In the hour I spent poring over the duck, the museum didn’t receive any other visitors. The telephone rang twice, and both times I
heard Massonneau say, “
Canard du Labrador
,” and “Canada” and “Professeur Chilton.” My name sounds a lot sexier when said with a French accent.

A
ND ALL THIS
left me with nothing to add but a long string of thank-yous to Massonneau for her help and a two-hour stroll around town before my bus left. Luckily, La Châtre is the sort of town that can be strolled in two hours. Home to 4,700 inhabitants, La Châtre is renowned for its annual stone sculpture competition. A stage of the Tour de France runs through town. And…after that, it’s pretty much down to George Sand. Two hours wouldn’t leave me with time to get to the
cimetière
, the
gendarmerie,
or the
hôpital psychiatrique
, but I would get to almost everything else. I started by picking my way down to the river Indre, which splits and melds many times as it flows through town. The river had been used to soak animal hides as part of the tanning process. Two hundred years ago La Châtre was a center of the tanning industry, which died away as tanneries closed one after another.
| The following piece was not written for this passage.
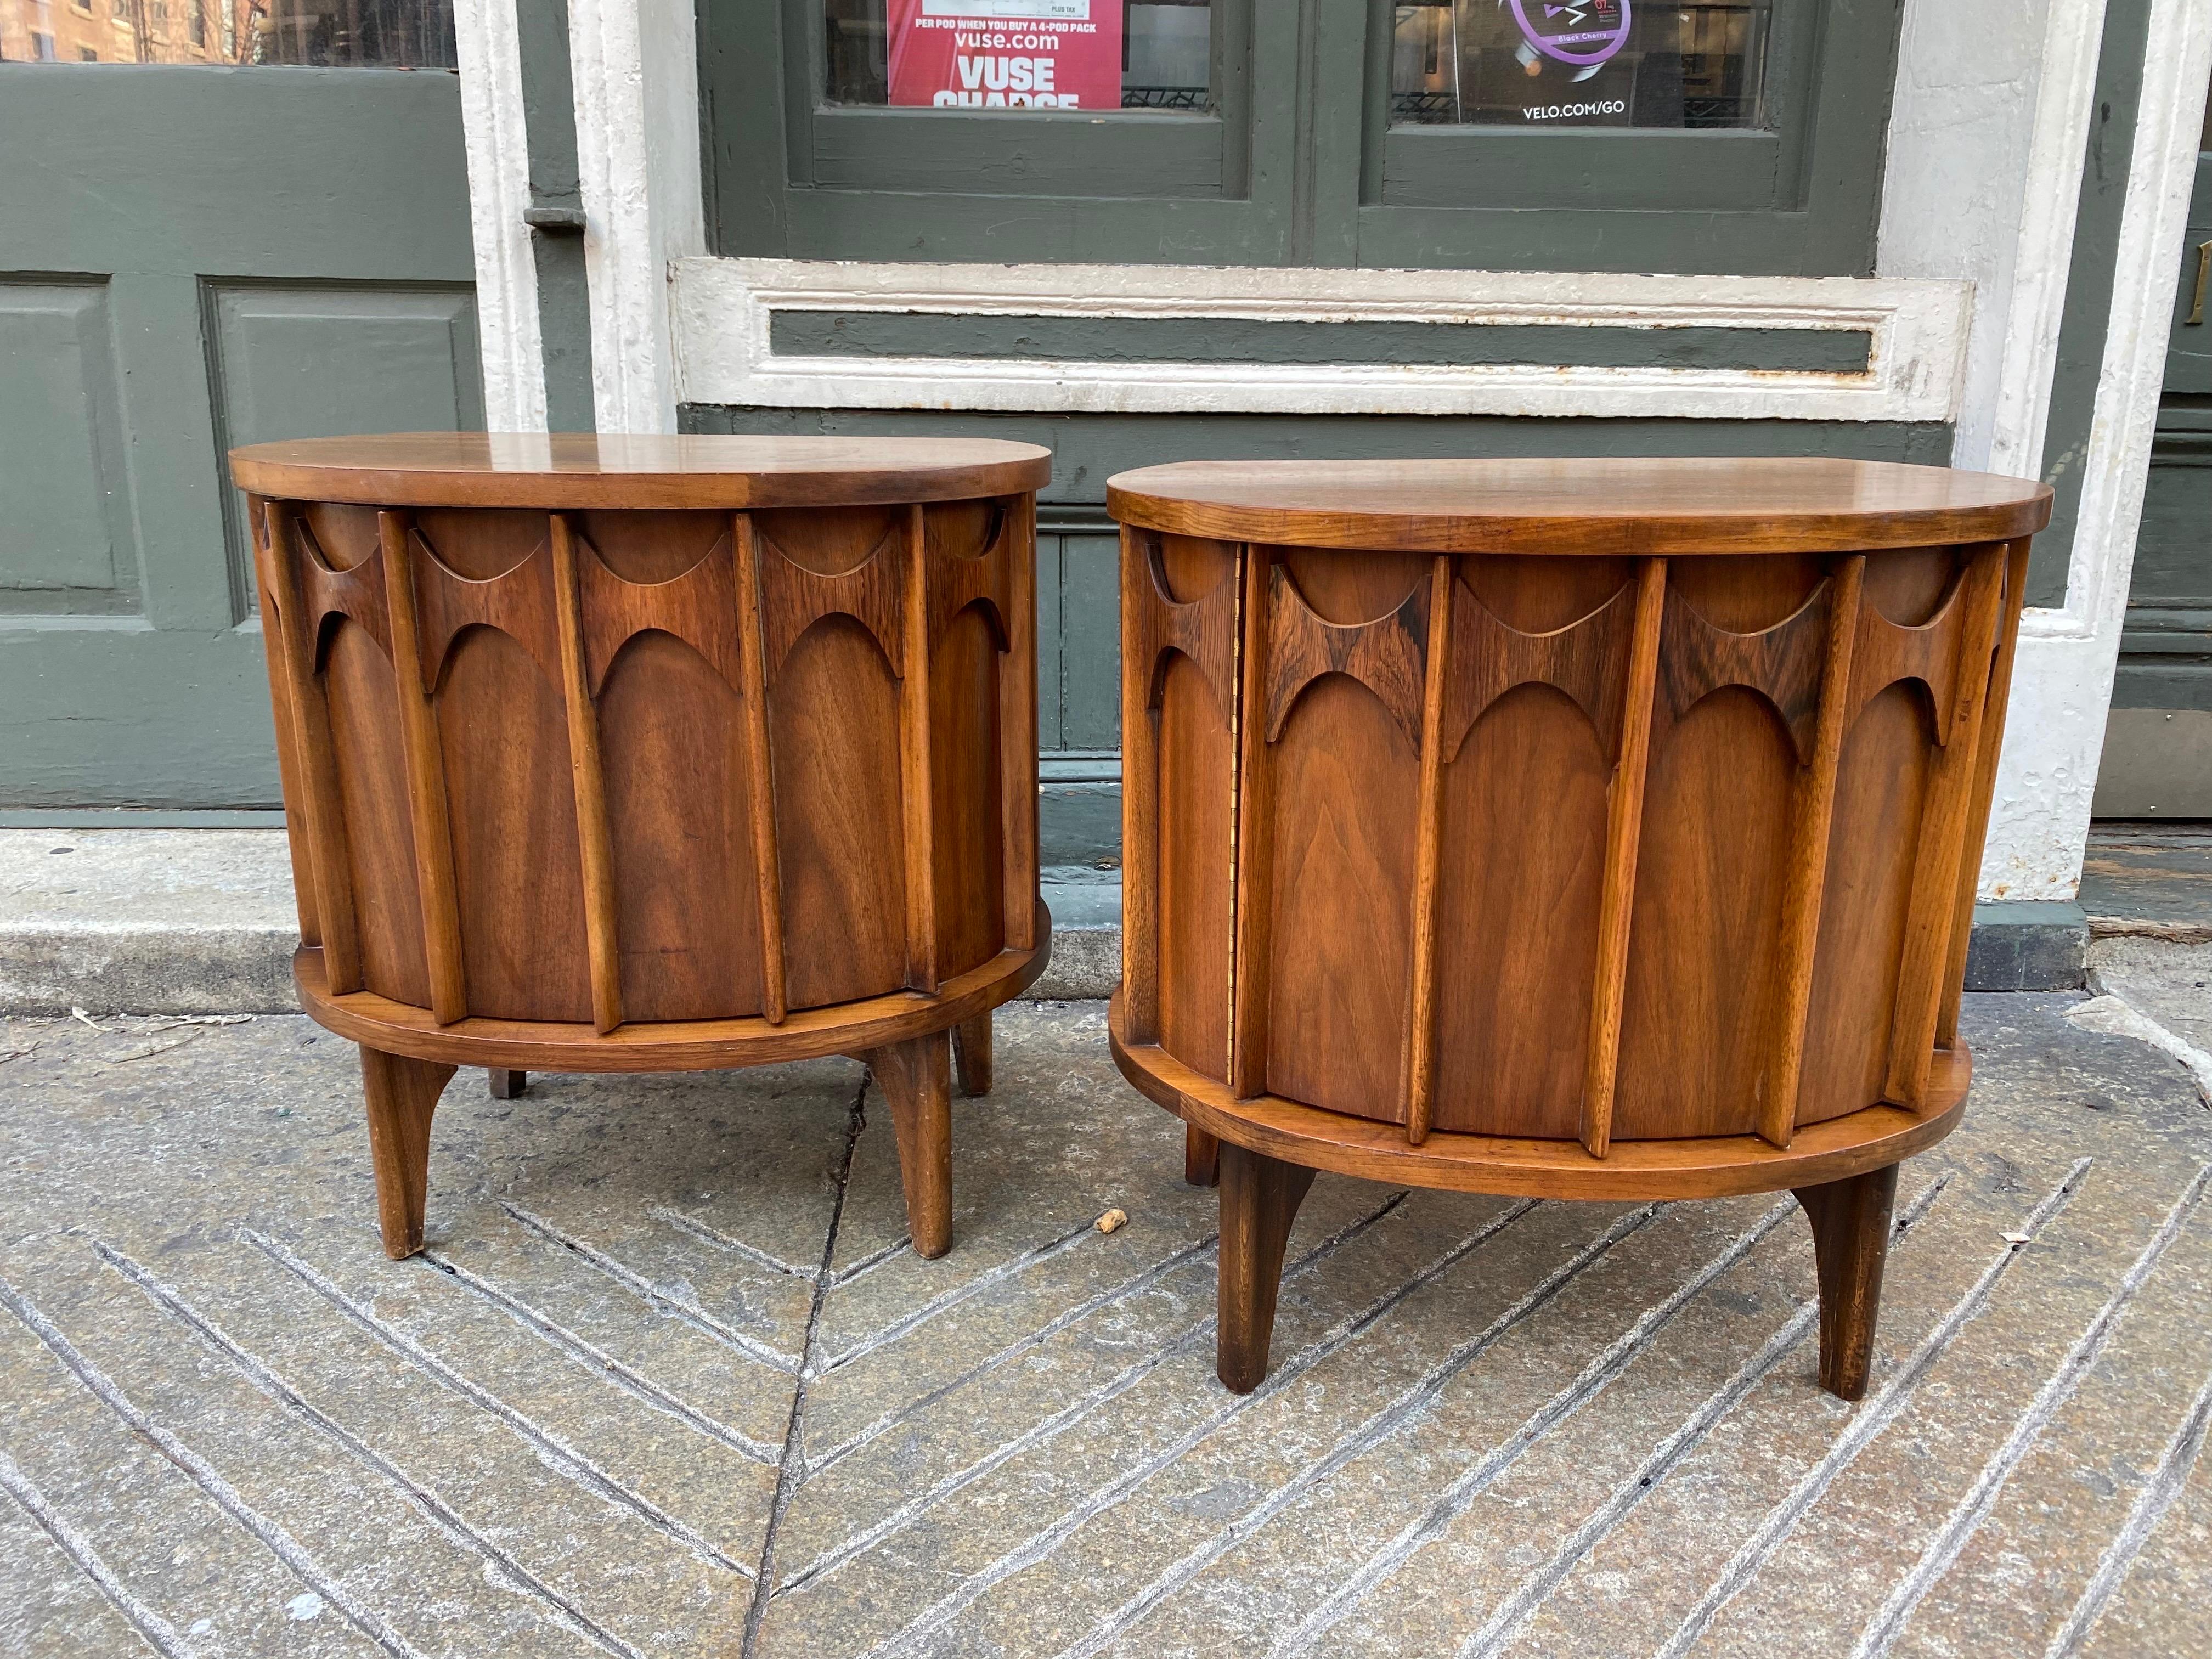 Kent Coffey Perspecta pair of walnut and rosewood nightstands. Unique and uncommon design! Good Original Condition, one nightstand shows mopre wear to top surface, probably the Husband's side! Overall in good Shape. Door swings open to reveal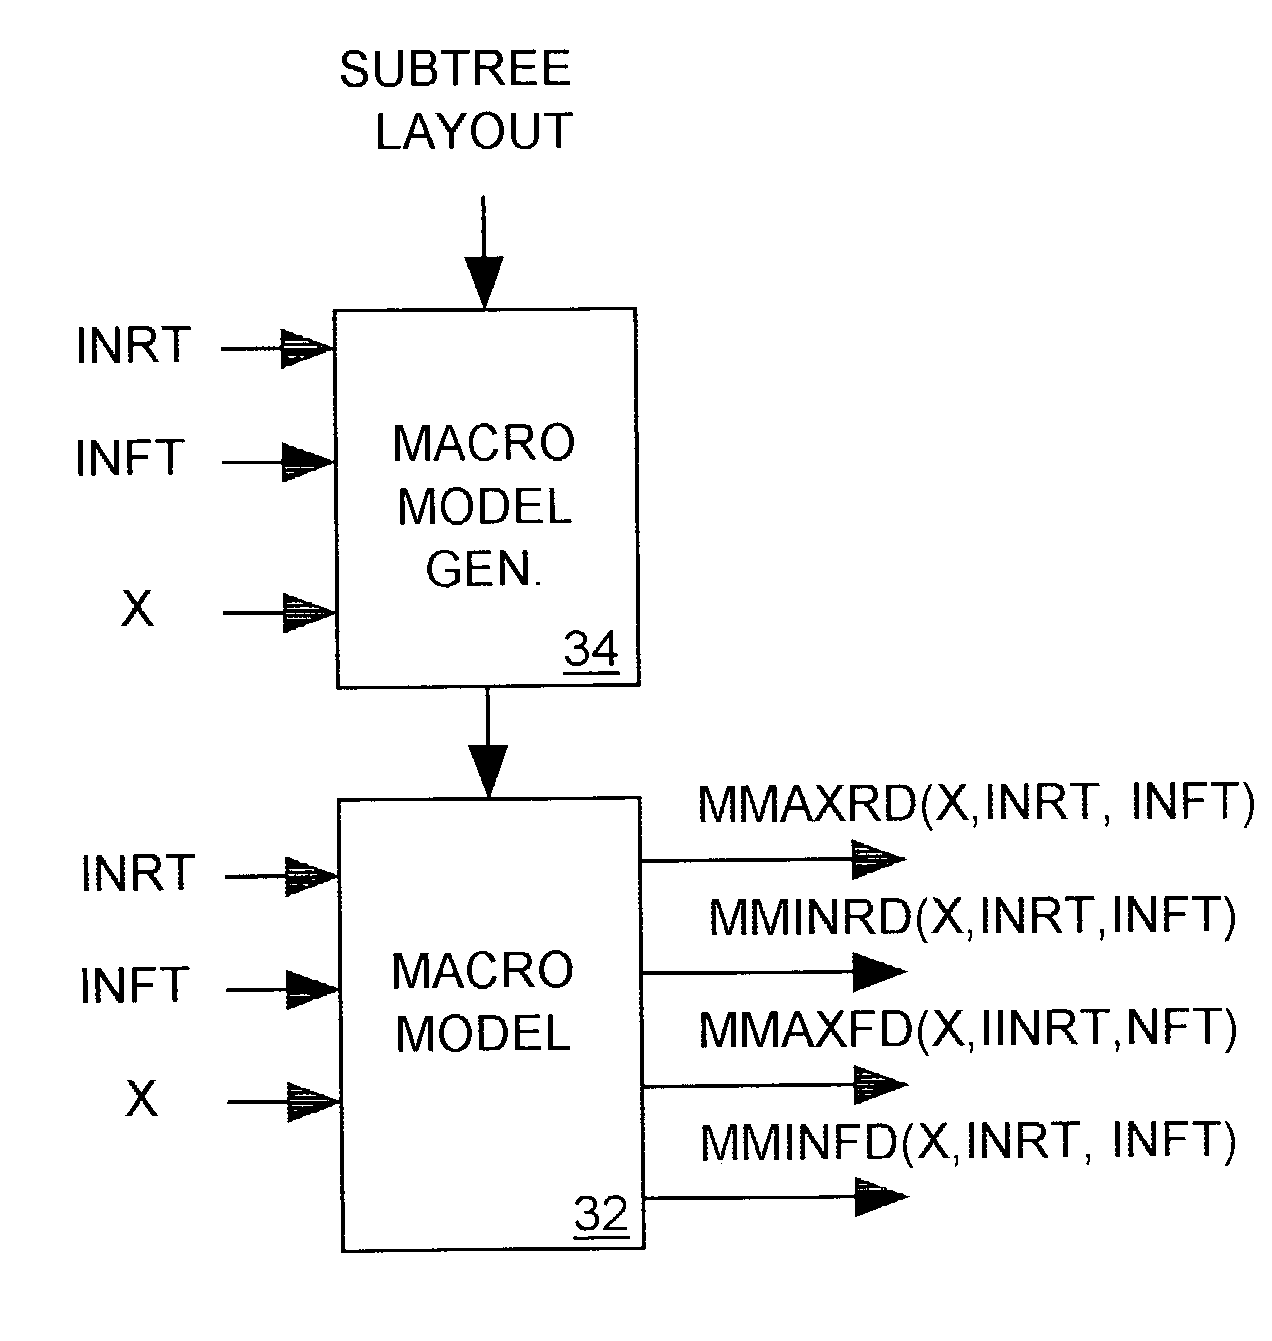 Method for analyzing path delays in an IC clock tree

The tanneries may be long gone, but at least La Châtre had the reputation of George Sand to fall back on. If someone had left me holding a dead cat, I would have found it difficult to swing it in La Châtre without hitting something linked to George Sand. I stopped to admire the Maison de Bois, Place Laisnel de la Salle. In one of Sand’s novels, the heroine, a florist, lives in the house. I passed the Maurice Sand Théâtre, named after George’s son, a theater producer and puppeteer. Slipping behind the town hall, I came across the George Sand Junior High School, then stumbled across a statue of George Sand, commissioned the year after she died. This seemed an odd tribute from a town Sand was said to have despised. The statue is flanked by two 114-year-old giant sequoia trees, representing Sand’s position in nineteenth-century French literature. Or perhaps someone on the town council just liked sequoias. I walked along George Sand Avenue, peered down Impasse George Sand, and discovered the Lycée George Sand.